In that article I laid out the controlling case law and determined that, at that time, the answer was ‘No‘.
However, a law passed by the General Assembly during the 1st 2020 Special Session has changed this answer somewhat.
The bill, which I have written about in regards to other important changes it made, was H.B. 5062, and, among other things, it added § 19.2-298.02 to the Code of Virginia. Subsection D of this statute addresses a way that a charge, which was resolved by a deferred disposition, might be made eligible for expungement. The relevant section reads:
§ 19.2-298.02. Deferred disposition in a criminal case.
D. Upon agreement of all parties, a charge that is dismissed pursuant to this section may be considered as otherwise dismissed for purposes of expungement of police and court records in accordance with § 19.2-392.2, and such agreement of all parties and expungement eligibility shall be indicated in the final disposition order.
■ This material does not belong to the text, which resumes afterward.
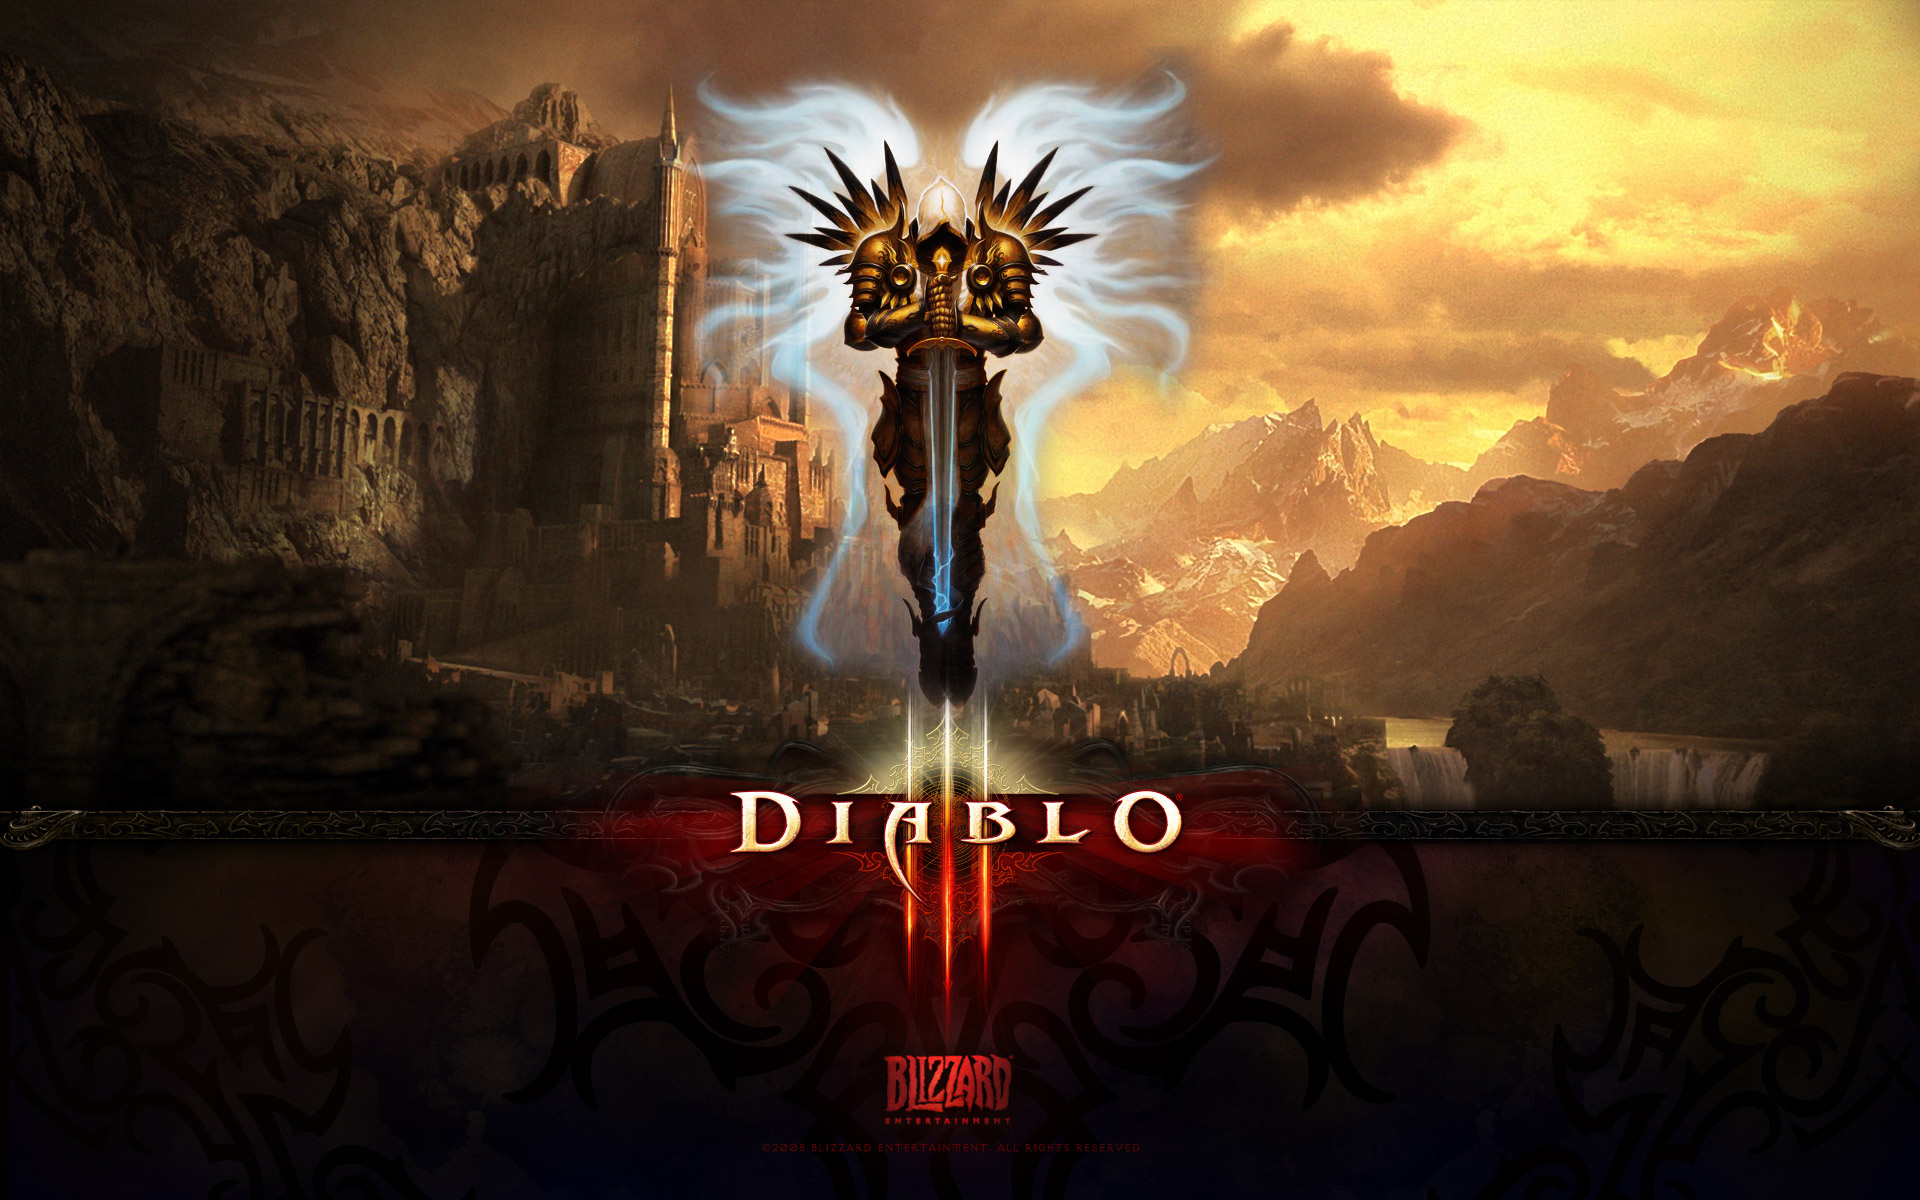 Tyrael, the iconic angel from Diablo III, stands tall in this captivating desktop wallpaper for video game enthusiasts.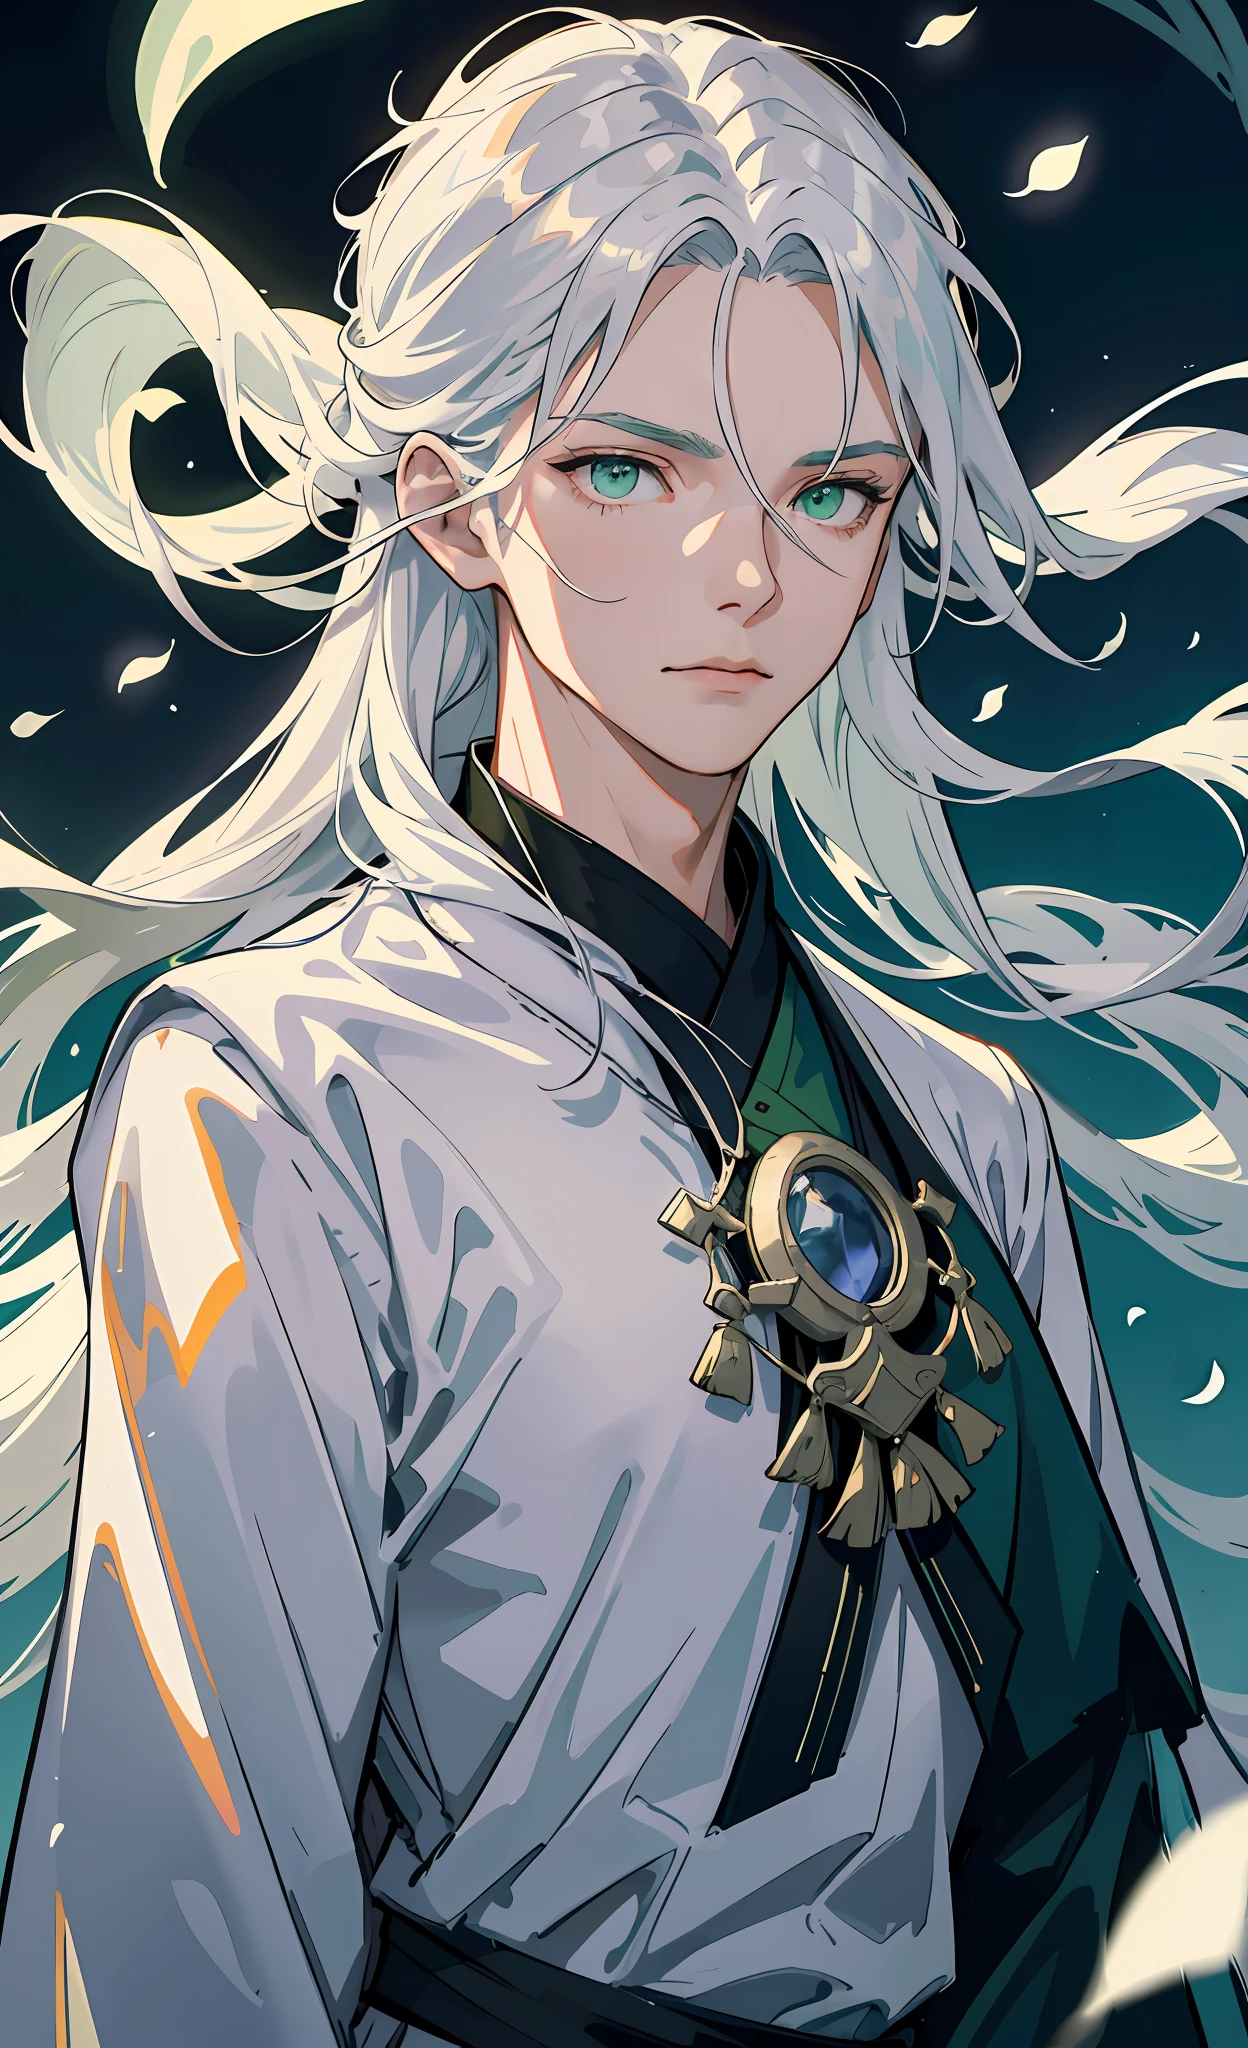 Adult male, strong, green eyes, long silver hair, floating hair, resolute eyes, white fairy robe, gorgeous accessories, magic smoke around him, fov, f/1.8, masterpiece, ancient Chinese architecture, night, petals flying, imperial sword flying, front portrait shot, side lighting, moonlight shining on people, 8K, eyes looking directly at the screen

The key takeaways from this subsection are:
- It is not retroactive;
- It requires the agreement of both the defendant and the Commonwealth Attorney; and
- It requires that the eligibility and the agreement of the parties be made a part of the final disposition order in the case.
In the past, deferred disposition cases have frequently been dismissed after the deferral period without the defendant or defense attorney being required to appear (so long as all conditions have been met successfully). However, going forward, if the Commonwealth Attorney has agreed to make the charge eligible for expungement, it may be in the best interest of the defendant to arrange for the defense attorney to appear on the return date to ensure that the appropriate language is included in the final dismissal order.